Being childless without a choice is possibly the most frustrating and overlooked situation in America today.  We see in the news all of the talk about "reproductive rights" and the statistics on abortions and we're left with the thought that it's so much easier to take away life than it is to add it.  We see the overall birth rate declining and the rising rate of infertility, and people like JD Vance make comments that inspire hateful comments from their followers.  You can see some of the comments his supporters have made on social media, many saying that the reason some people are childless is because God has deemed them unworthy of being parents.  These are people with the word "Christian" in their bios.  Where's the teachings of Christianity being shown there?  Why are we unworthy of being parents?  
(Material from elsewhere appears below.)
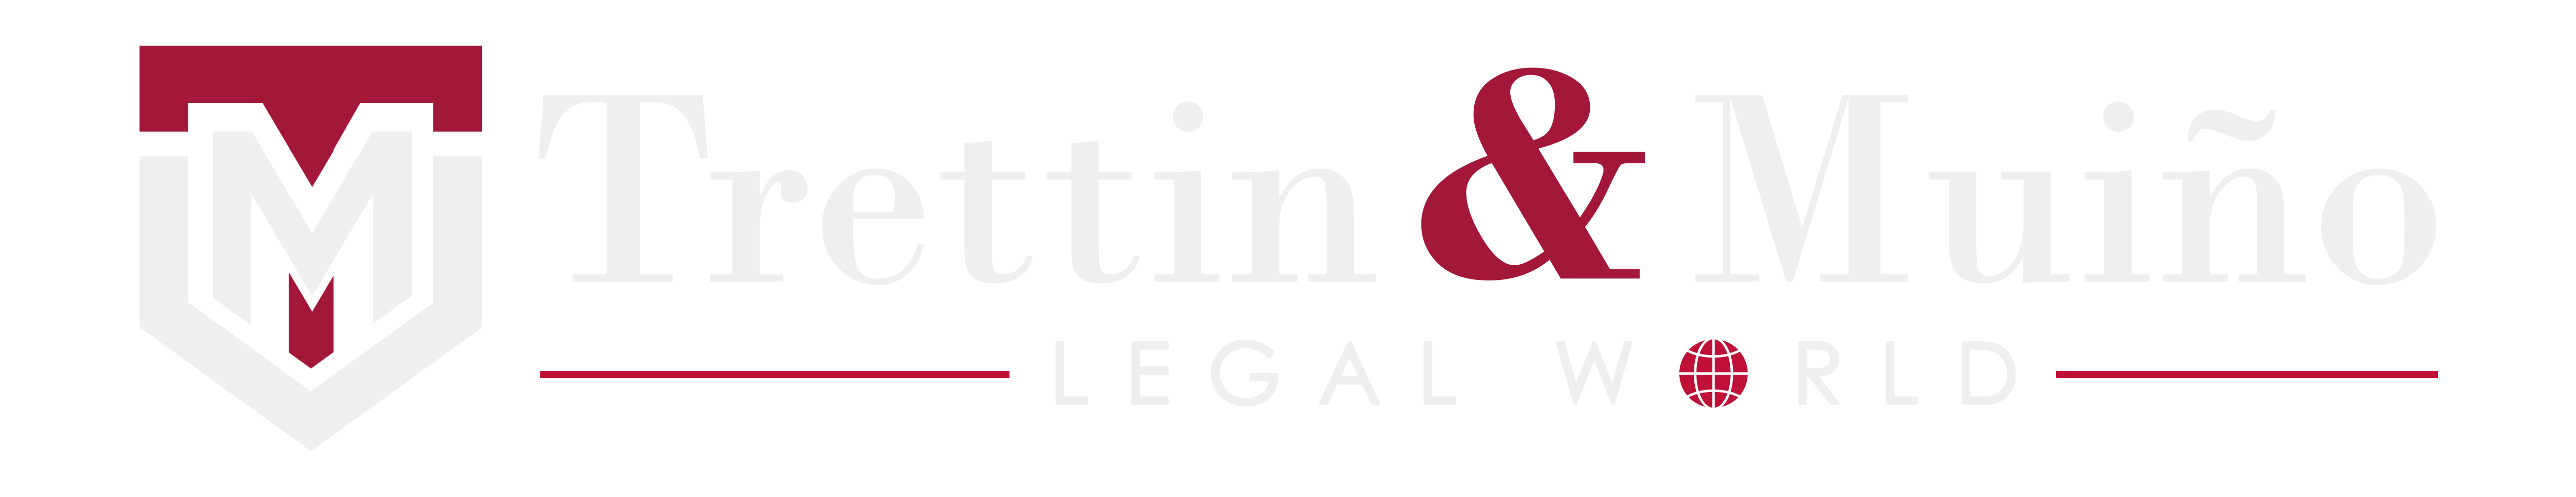 Trettin & Muiño Legal World

By making such ignorant statements, Vance has become toxic and a cancer to the Trump campaign.  He should be removed from the ticket, plain and simple.  He had a chance to apologize, with Trey Gowdy serving up softball questions, and Vance didn't back down at all.  Instead, he blamed the left and diverted attention away.  He has demonstrated the characteristics of his generation, in the worst way.  Millennials are already maligned as being far less compassionate than previous generations, and Vance proved it.  He has demonstrated a clear lack of understanding, compassion and a lack of maturity.  Unknowingly, he has insulted a large group of the American people, who suffer in silence.  Will they decide to not be silent come election day?  

By selecting him to be his Vice Presidential candidate, Donald Trump has once again demonstrated an inability to make good decisions.  During his first term, Trump made a lot of poor decisions on the people he would surround himself with in his cabinet.  He also made poor decisions on how to conduct himself, which is why the left went after him so hard.  Over the past four years, he's made the same poor decisions.  Vance is just the latest example, and unless Vance is cut loose, I fear Trump will lose the election.  If Donald Trump can't take Vance's comments and spin them in a way that softens the blow, you know the comments are over the line.

"Never speak from a place of hate, anger, or insecurity.  Evaluate your words before you let them leave your lips.  Sometimes it's best to be quiet."  - JD Vance should have thought about this quote when making his "off the cuff" remarks.